A late Woodward “Automatic” under lever cocked sidelock non-ejector No 4247 of about 1888 uses the 1866 patent but with some further refinement to the shape of the cams. There is no patent accreditation on the gun other than that for the lever cocked action…I have also seen it used on an earlier Woodward hammer gun of 1878, also without accreditation. Curiously Grant used a single cam extractor on their hammerless non-ejectors, a simplification of the Hodges patent in which the fore-end cam was replaced by a higher stud filed up as part of the action knuckle, which bore directly on a Hodges style barrel cam.  This gave a slightly lower lift to the extractor than the two cam arrangement.”

On the 15th November 1869 this second patent was allowed to lapse by reason of non-payment of the additional Stamp duty of £50 before the expiration of the third year.

3. EC Hodges’ third patent, number 251 The Treble Grip of 1871 is the one for which he is most known (see banner illustration above):
This patent appears to have evolved into at least three forms. 1. using a short underlever forward of the trigger guard. 2. using a sidelever. 3. using transverse projections or pins through both lumps rather than just the rear one.

Two early non-Grant guns which use the short underlever have been unearthed made by Norwich maker William Cartwright (gun 484, pat.use unknown) and Samuel & Charles Smith. The patent then seems to have been licensed exclusively to Stephen Grant and was renamed the Grant & Hodges patent. Some Grant guns even carried the legend 'Stephen Grant patent' along the side of the action bar, although on the flats themselves Grant and Hodges were both named usually.

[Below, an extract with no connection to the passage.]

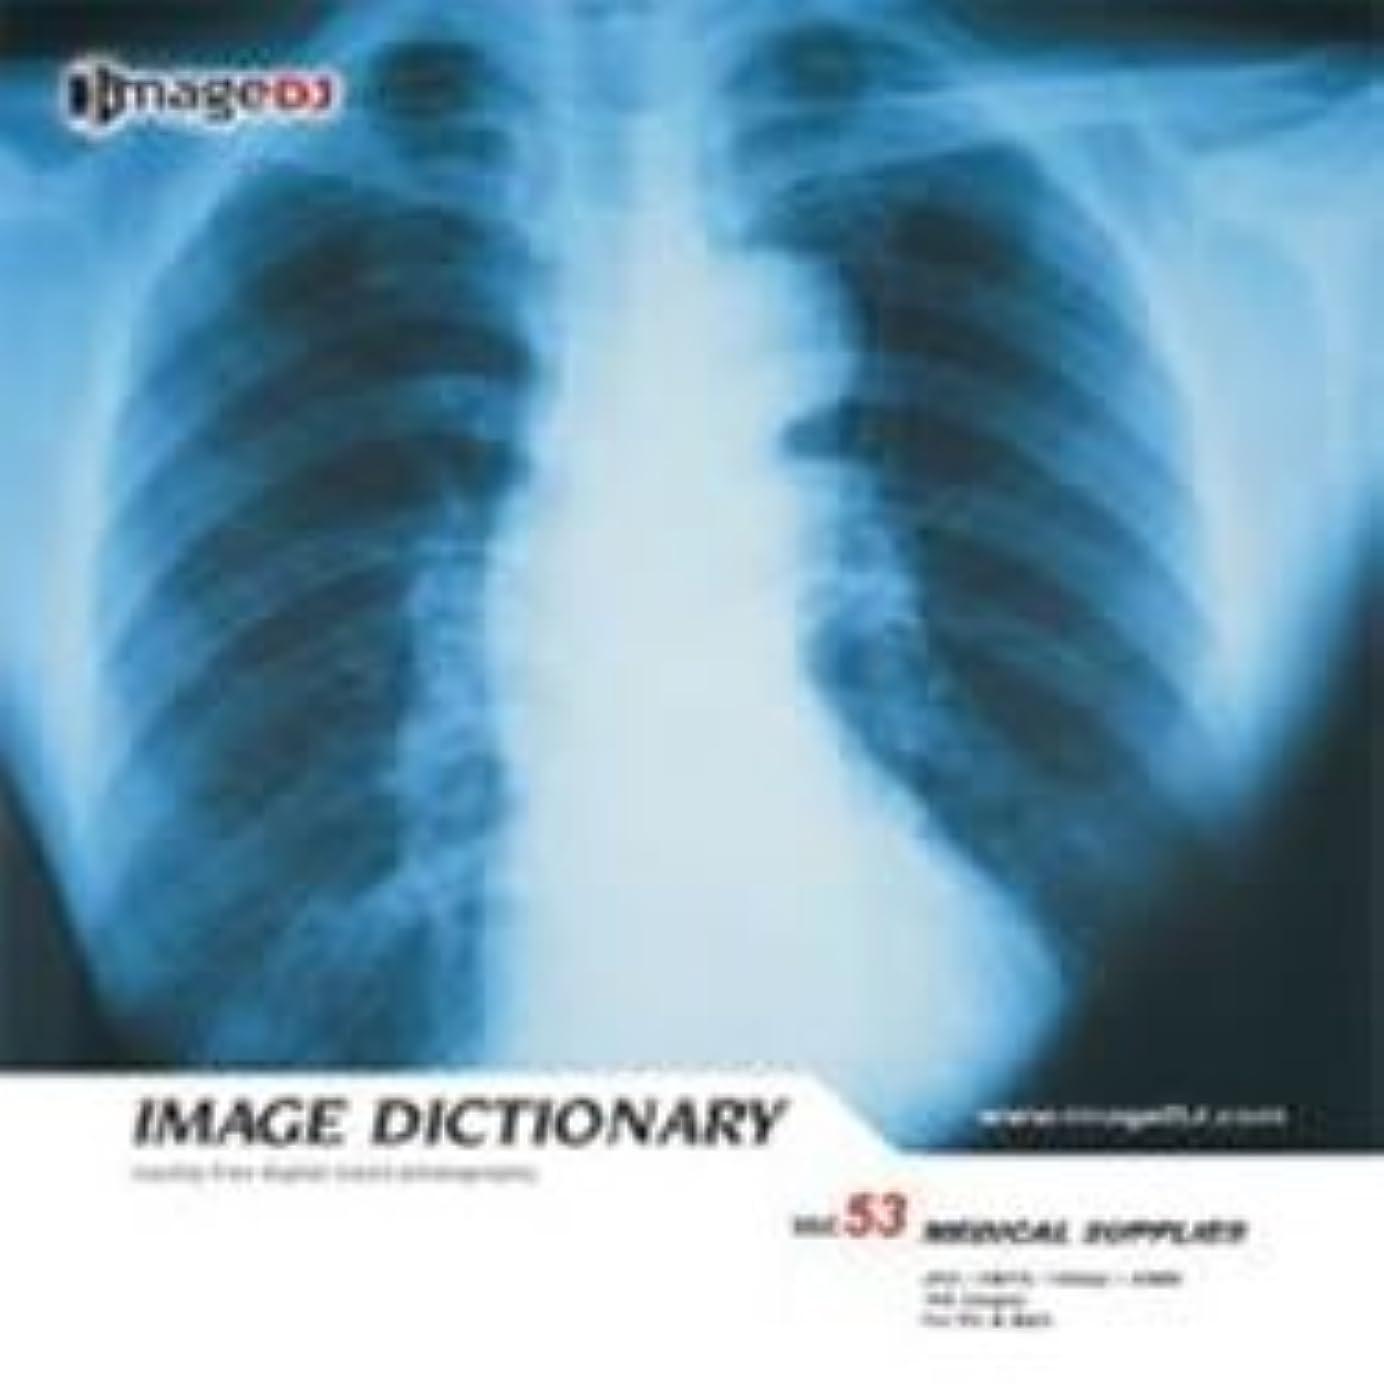 重量交換可能ソケットイメージ ディクショナリー Vol.53 医療用品

The short underlever version was used on a Grant back-action underlever hammergun (3453 , pat. use 146) with projections on the rear lump. However on a presumably earlier Grant gun (3207, pat. use 2, 1872) EC Hodges used a sidelever so it may be that the lever type did not evolve suddenly from short underlever to sidelever but was an alternative option. We also know that Henry Jones rotary levers were used on some Grant guns up to about 1877, which would suggest a great deal of choice in terms of locking mechanisms was being offered to the buyers of Grant guns at this time. They were even supplying pinfires if requested until the mid 1870s.

Gun number 3207 is the first use of a sidelever on a Grant gun I have found. Could the Grant type sidelever have been an EC Hodges idea for ease of reach? We may never know, but the sidelever combined with the 1871 Hodges patent swiftly became the predominant form of locking between gun number 3207 to 4735 (1879), when the ‘Grant & Hodges patent’ arrangement appears to end. From the patent use numbers I estimate at least 924 Grant guns were produced with the Treble Grip patent no. 251. 

An EC Hodges sidelever hammergun from 1881-1883 uses the third variation of the 1871 patent, in that as well as the projecting catch in the standing breech and we now see wider round pins rather than square projections, and these traverse both lumps rather than just the rear one, with a much deeper setting for the pin on the forward one. The next use of this patent on a different maker’s gun is on a Purdey (11508) of 1883, two years before it expired.


4. On March 22nd 1878 EC was granted his fourth patent, number 1145 Hammerless gun action – ‘underlever cocking' – where the safety on the lever cocked gun is a slide on the trigger guard strap’. No examples found as yet. In fact some Grant guns seem to have employed the Horatio Phillips 1879 barrel cocking patent instead.  

5. On March 20th 1883 his fifth patent, number 1463 was granted, with Thomas William Webley of Weaman St, Birmingham & George Bouckley of Aston, for ‘a cocking & safety device for drop down guns’. No examples found as yet.

6. Finally on 23rd September 1899 EC’s sixth patent, number 19167 was applied for regarding improvements in single trigger double-barrelled guns. Accepted 22 Sept 1900.
J Woodward & Sons used this on at least one gun, numbered 3599.